An example of the desired output is below (Figure 1.)

Figure 1.

Lastly, the client wanted to do a weeklong live test with the system working and the traders being able to monitor the channel. Therefore, everything had to be ready at the very least a week before the 3-month trial expiration. We were short on time.

What Is Relevant?

Setting up a system that fetches from an API endpoint (the data provider’s) and sends it to an MSTeams Channel was a straightforward task without much data science involved. The most glaring issue was the question of what is “relevant”?

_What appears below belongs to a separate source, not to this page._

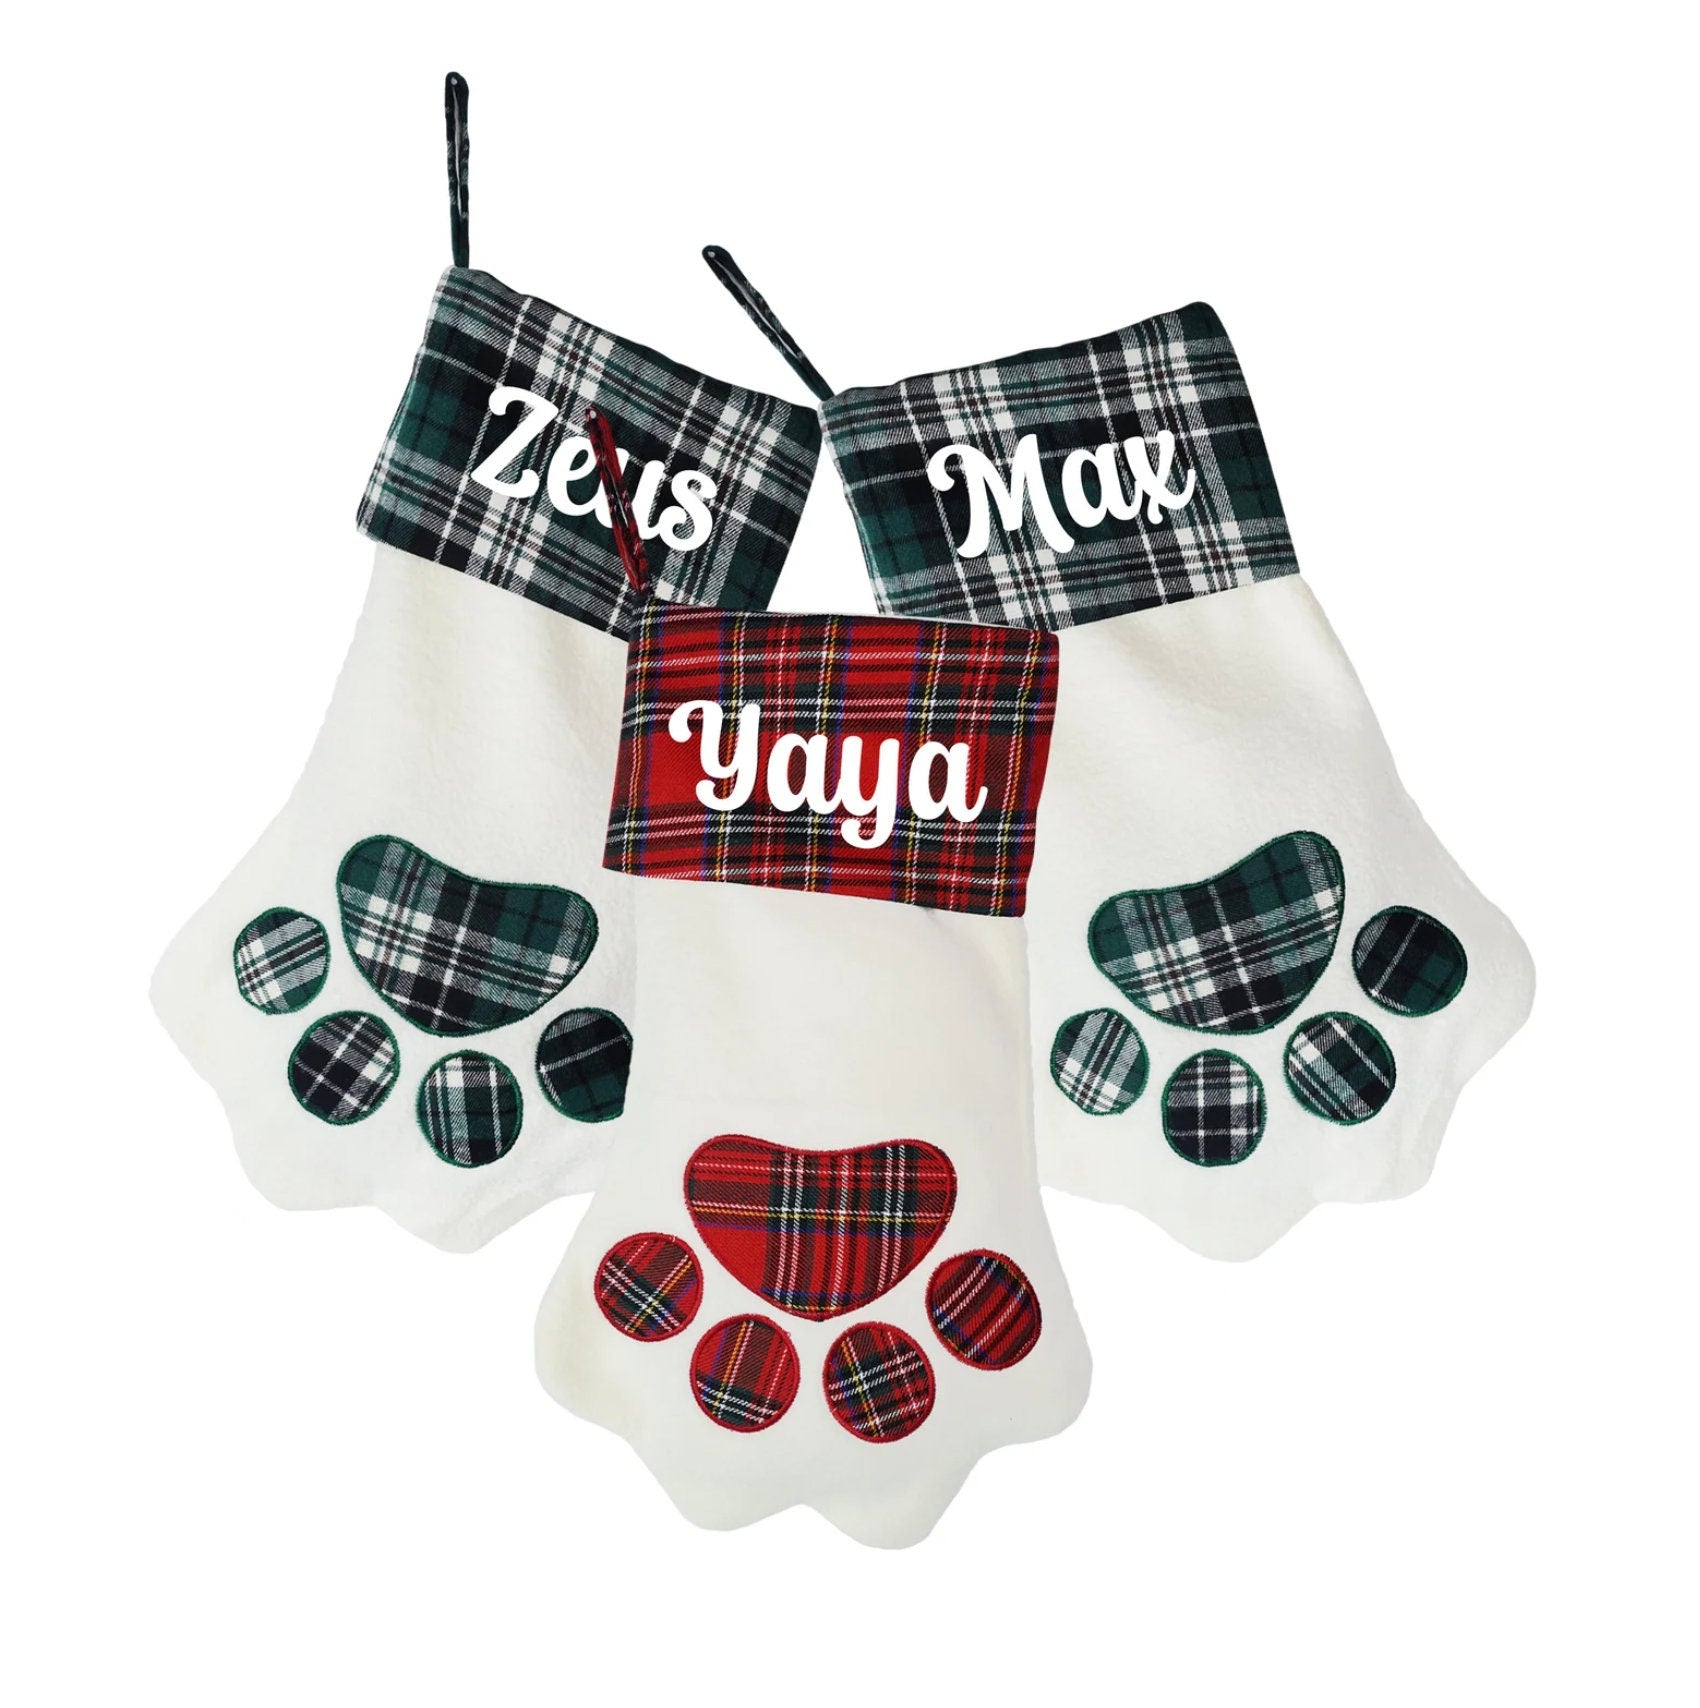 Personalized Christmas Dog Stockings, Custom Pet Stocking, Christmas Stockings for Dogs and Cats, Dog Stocking

We started by using the historical news reports that we had access to. We filtered based on energy-related topics[1] and got a dataset of 1.2 million reports over 2 years. From this dataset, we pulled 1000 random news reports.

We then gave the news reports to 2 members of our client’s gas trading team and asked them to label what they think is “relevant” for them. It was key that they did this independently from each other so that we could gauge how much “relevant” differs from person to person. As expected, it turned out – a lot. They agreed ~50% of the time. Overall, each labeled around 50 articles (5%) as relevant, but those where both agreed were only 25. At this point, we decided to define as “relevant” what at least one had picked as such, or around 75 articles. With this, we were aiming to send to the MSTeams Channel every report that someone would find relevant, rather than those that all would find relevant[2].

The Methods

We had a dataset. However, for Machine Learning, 1000 samples are rather too few. Additionally, there was a “class imbalance” – the relevant ones were only 75, compared to 925 irrelevant ones. Having both a small sample and class imbalance complicates traditional Natural Language Processing methods like BERT[3]. Furthermore, we suspected that 1000 samples from 1.2 million might not catch enough of the richness of information within those reports. We needed something “smarter”.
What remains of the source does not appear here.